### Extracted records
________________
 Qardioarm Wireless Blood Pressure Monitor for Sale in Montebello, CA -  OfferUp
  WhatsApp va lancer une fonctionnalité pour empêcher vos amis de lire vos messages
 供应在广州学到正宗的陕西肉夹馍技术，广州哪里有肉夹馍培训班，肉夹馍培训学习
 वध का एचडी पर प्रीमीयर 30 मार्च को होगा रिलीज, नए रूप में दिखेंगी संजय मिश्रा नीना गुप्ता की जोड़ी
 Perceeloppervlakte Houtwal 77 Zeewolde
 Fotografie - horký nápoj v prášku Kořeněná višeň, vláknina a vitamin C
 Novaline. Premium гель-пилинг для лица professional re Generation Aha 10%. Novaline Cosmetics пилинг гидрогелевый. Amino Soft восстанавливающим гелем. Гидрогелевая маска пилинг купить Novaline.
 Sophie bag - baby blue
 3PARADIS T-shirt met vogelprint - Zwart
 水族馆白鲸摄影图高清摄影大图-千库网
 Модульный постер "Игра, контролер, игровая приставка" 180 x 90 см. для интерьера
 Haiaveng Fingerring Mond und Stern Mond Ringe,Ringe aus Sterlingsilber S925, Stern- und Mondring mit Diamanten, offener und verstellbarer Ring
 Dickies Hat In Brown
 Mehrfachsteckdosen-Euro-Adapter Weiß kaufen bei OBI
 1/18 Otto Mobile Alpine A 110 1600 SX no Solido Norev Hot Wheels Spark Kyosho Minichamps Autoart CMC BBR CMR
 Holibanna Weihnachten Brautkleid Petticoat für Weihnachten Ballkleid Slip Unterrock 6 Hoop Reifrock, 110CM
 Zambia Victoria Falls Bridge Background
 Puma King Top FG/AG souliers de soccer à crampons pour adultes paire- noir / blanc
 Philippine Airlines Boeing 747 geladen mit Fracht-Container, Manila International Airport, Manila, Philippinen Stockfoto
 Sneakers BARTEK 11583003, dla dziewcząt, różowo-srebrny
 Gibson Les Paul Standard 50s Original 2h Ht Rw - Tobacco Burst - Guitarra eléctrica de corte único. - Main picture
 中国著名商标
________________
### Task statement
Every entry should be retyped exactly as shown.

### Output for this exercise
 Qardioarm Wireless Blood Pressure Monitor for Sale in Montebello, CA -  OfferUp
  WhatsApp va lancer une fonctionnalité pour empêcher vos amis de lire vos messages
 供应在广州学到正宗的陕西肉夹馍技术，广州哪里有肉夹馍培训班，肉夹馍培训学习
 वध का एचडी पर प्रीमीयर 30 मार्च को होगा रिलीज, नए रूप में दिखेंगी संजय मिश्रा नीना गुप्ता की जोड़ी
 Perceeloppervlakte Houtwal 77 Zeewolde
 Fotografie - horký nápoj v prášku Kořeněná višeň, vláknina a vitamin C
 Novaline. Premium гель-пилинг для лица professional re Generation Aha 10%. Novaline Cosmetics пилинг гидрогелевый. Amino Soft восстанавливающим гелем. Гидрогелевая маска пилинг купить Novaline.
 Sophie bag - baby blue
 3PARADIS T-shirt met vogelprint - Zwart
 水族馆白鲸摄影图高清摄影大图-千库网
 Модульный постер "Игра, контролер, игровая приставка" 180 x 90 см. для интерьера
 Haiaveng Fingerring Mond und Stern Mond Ringe,Ringe aus Sterlingsilber S925, Stern- und Mondring mit Diamanten, offener und verstellbarer Ring
 Dickies Hat In Brown
 Mehrfachsteckdosen-Euro-Adapter Weiß kaufen bei OBI
 1/18 Otto Mobile Alpine A 110 1600 SX no Solido Norev Hot Wheels Spark Kyosho Minichamps Autoart CMC BBR CMR
 Holibanna Weihnachten Brautkleid Petticoat für Weihnachten Ballkleid Slip Unterrock 6 Hoop Reifrock, 110CM
 Zambia Victoria Falls Bridge Background
 Puma King Top FG/AG souliers de soccer à crampons pour adultes paire- noir / blanc
 Philippine Airlines Boeing 747 geladen mit Fracht-Container, Manila International Airport, Manila, Philippinen Stockfoto
 Sneakers BARTEK 11583003, dla dziewcząt, różowo-srebrny
 Gibson Les Paul Standard 50s Original 2h Ht Rw - Tobacco Burst - Guitarra eléctrica de corte único. - Main picture
 中国著名商标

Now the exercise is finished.